◆ WORK REQUIRED
Transcribe only the part of the material below that begins at the line containing "Iker Casillas Wallpaper" and ends at the line containing "Ralph Fiennes: I", with both kept and images left out.

◆ THE INPUT
<<<<

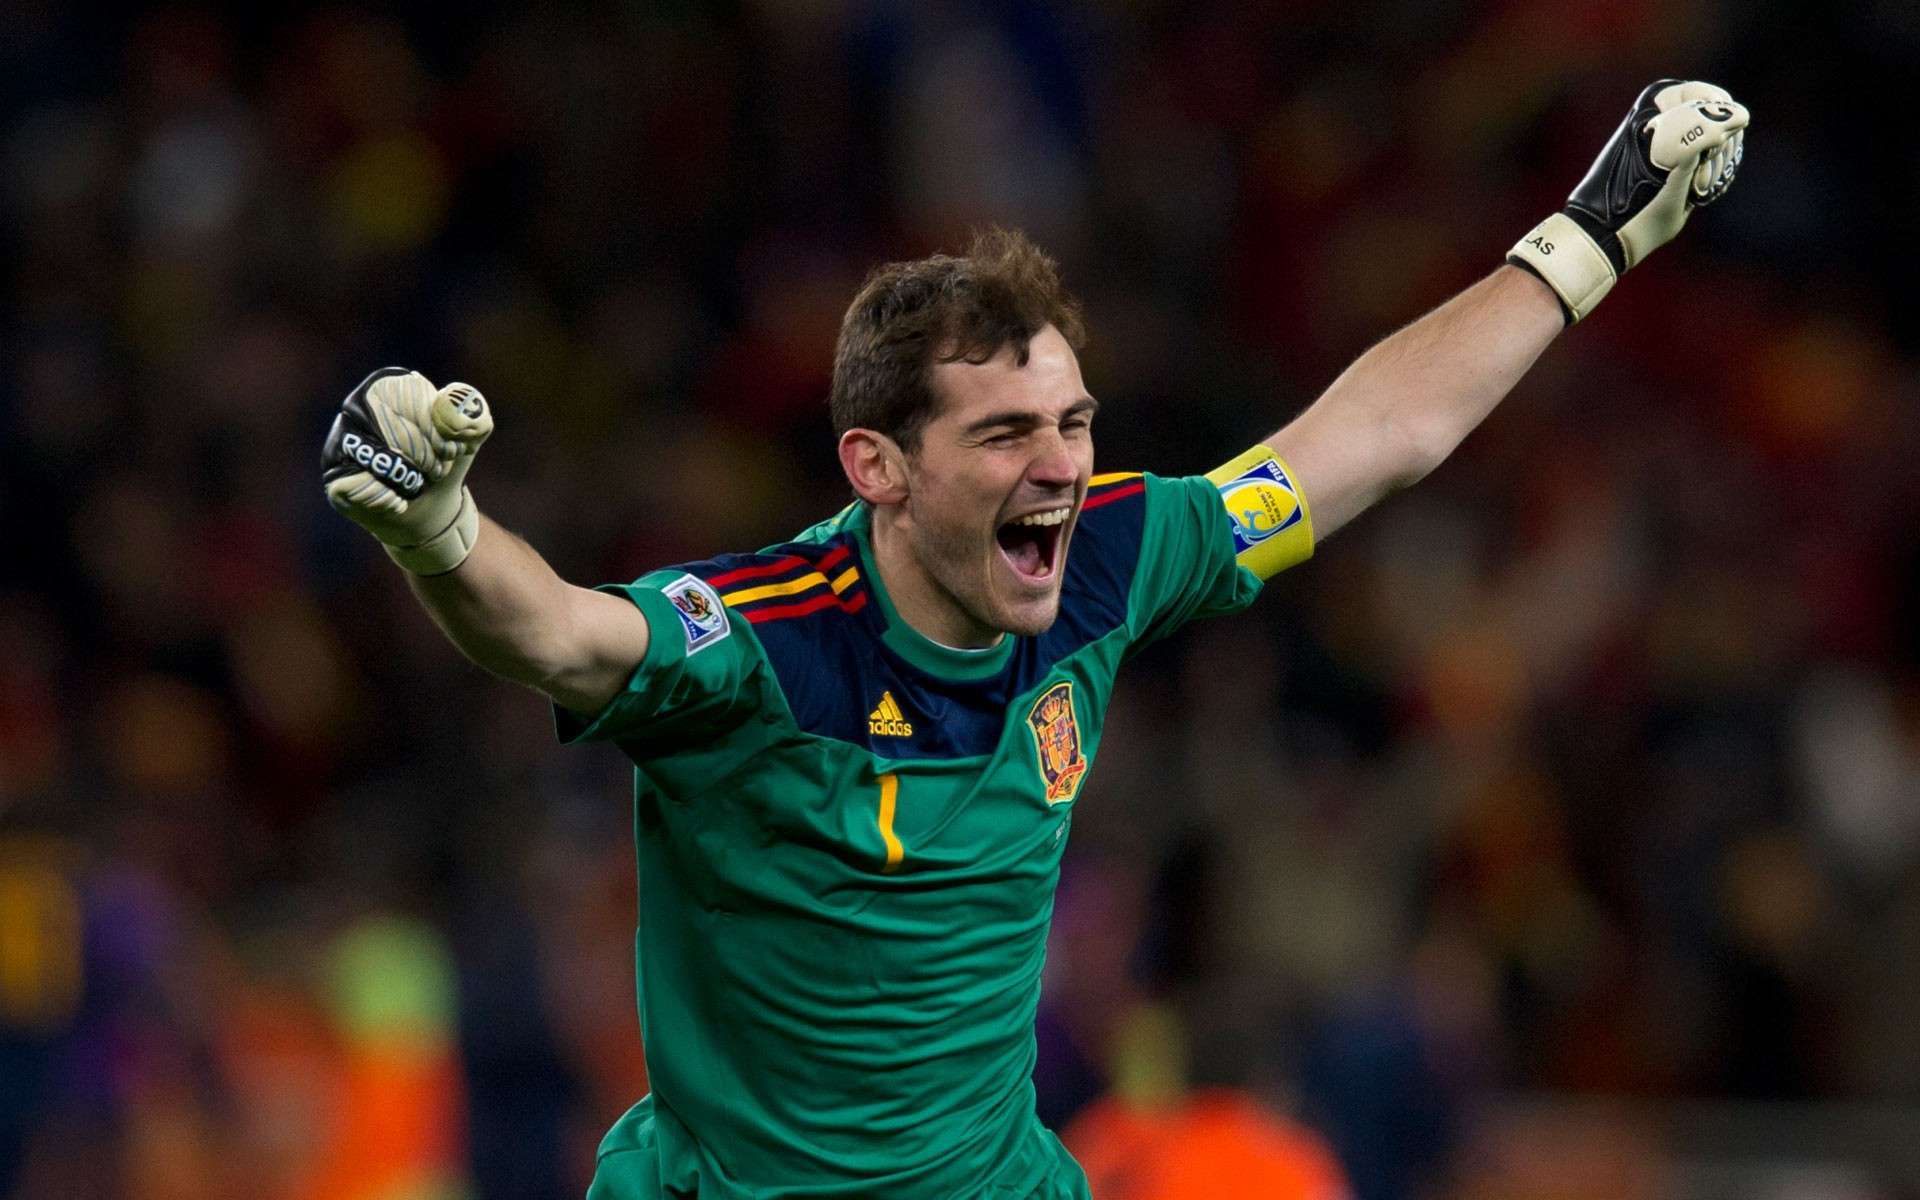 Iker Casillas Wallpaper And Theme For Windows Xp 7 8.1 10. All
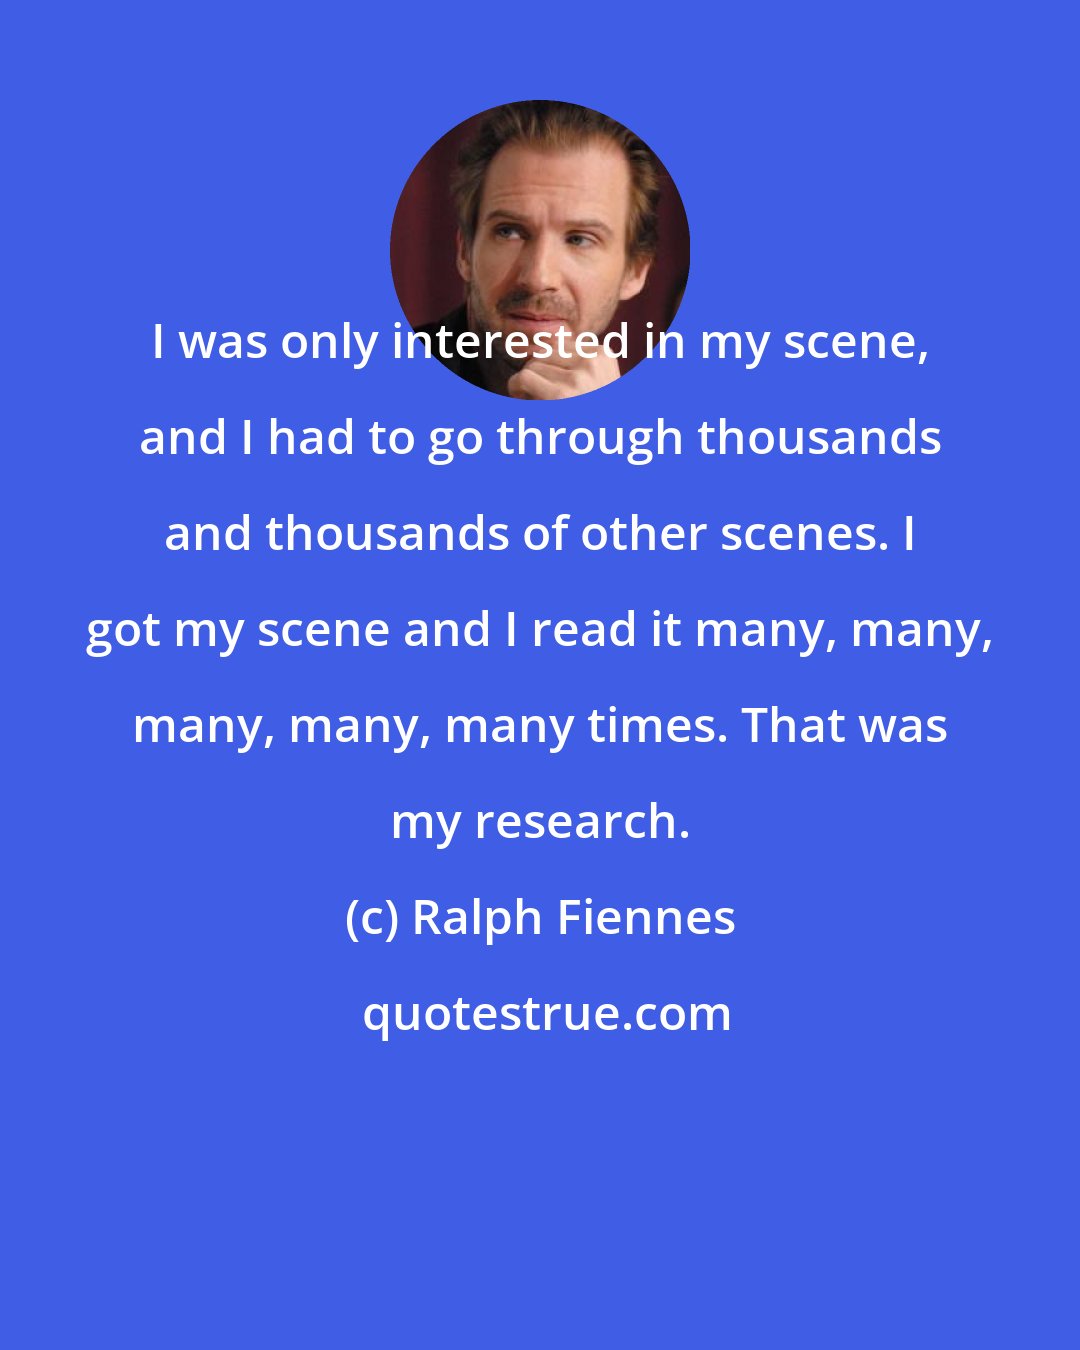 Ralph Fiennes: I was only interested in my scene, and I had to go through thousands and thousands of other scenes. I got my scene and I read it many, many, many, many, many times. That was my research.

>>>>
<<<<

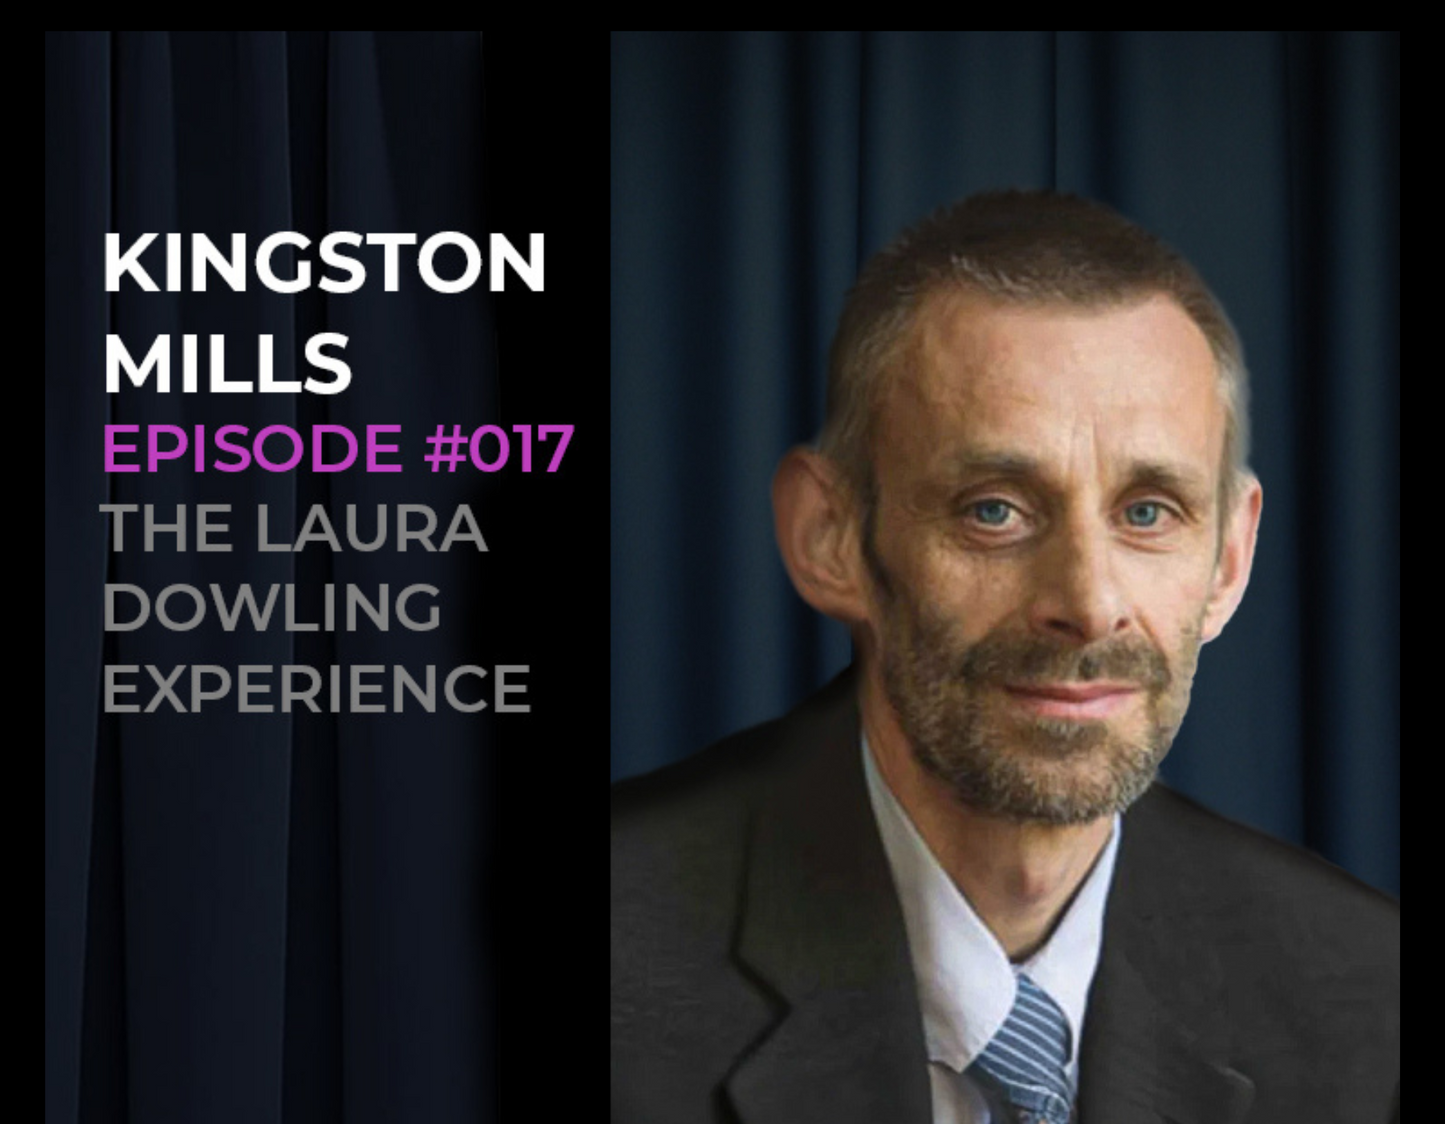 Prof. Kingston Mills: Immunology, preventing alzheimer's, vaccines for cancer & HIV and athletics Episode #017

>>>>
<<<<

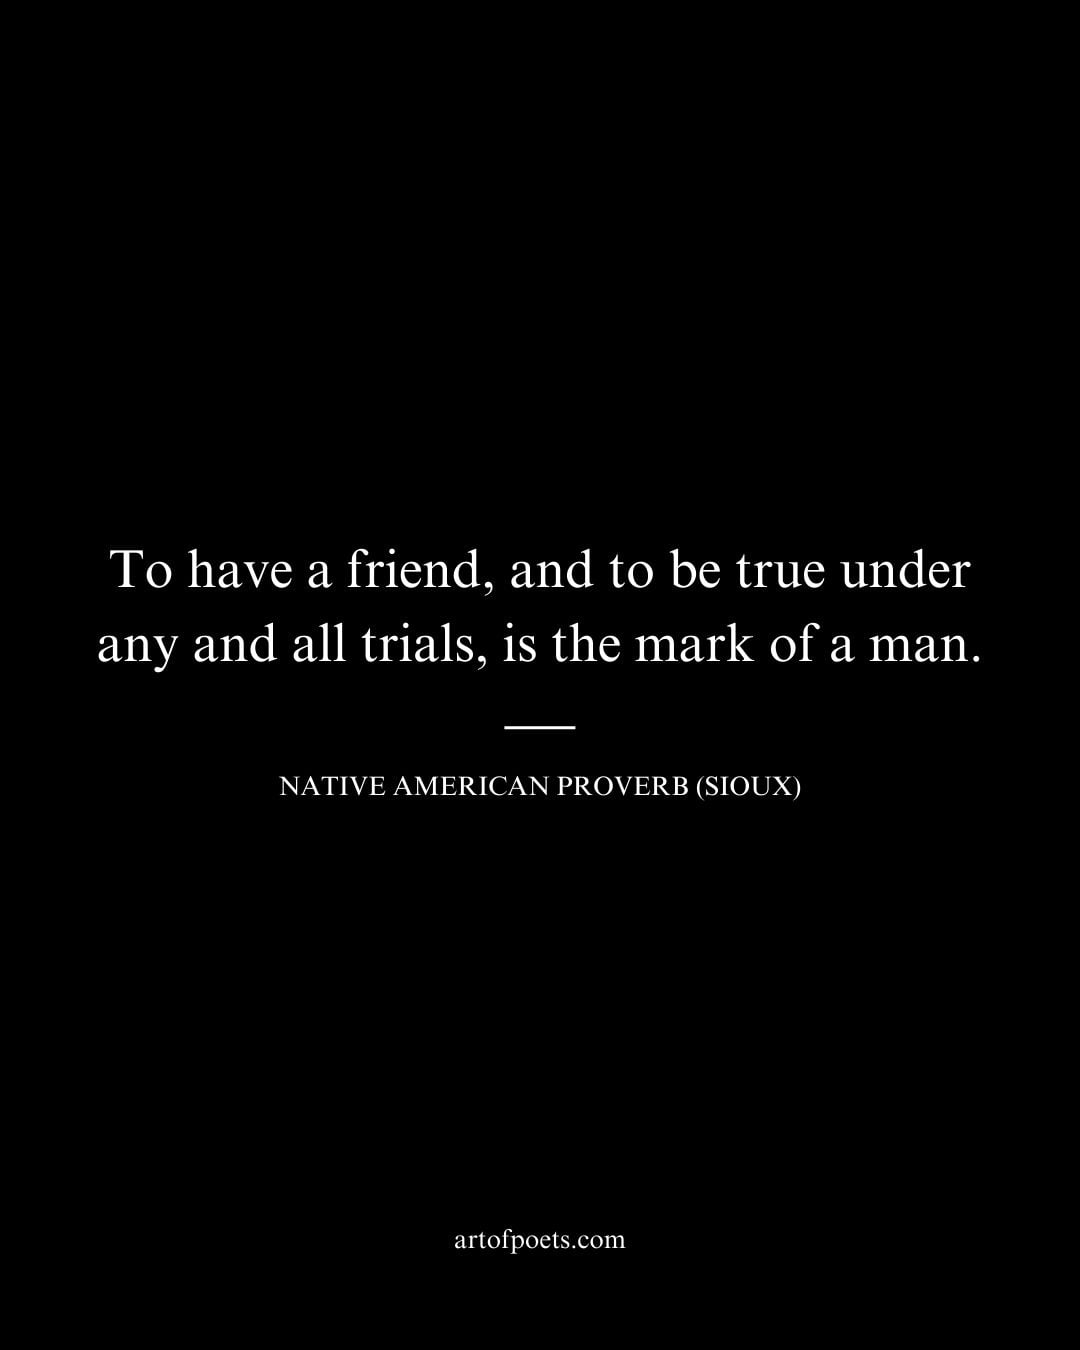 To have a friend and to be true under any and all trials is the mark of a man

>>>>

◆ RESULT FOR THIS EXERCISE
 Iker Casillas Wallpaper And Theme For Windows Xp 7 8.1 10. All
 Ralph Fiennes: I was only interested in my scene, and I had to go through thousands and thousands of other scenes. I got my scene and I read it many, many, many, many, many times. That was my research.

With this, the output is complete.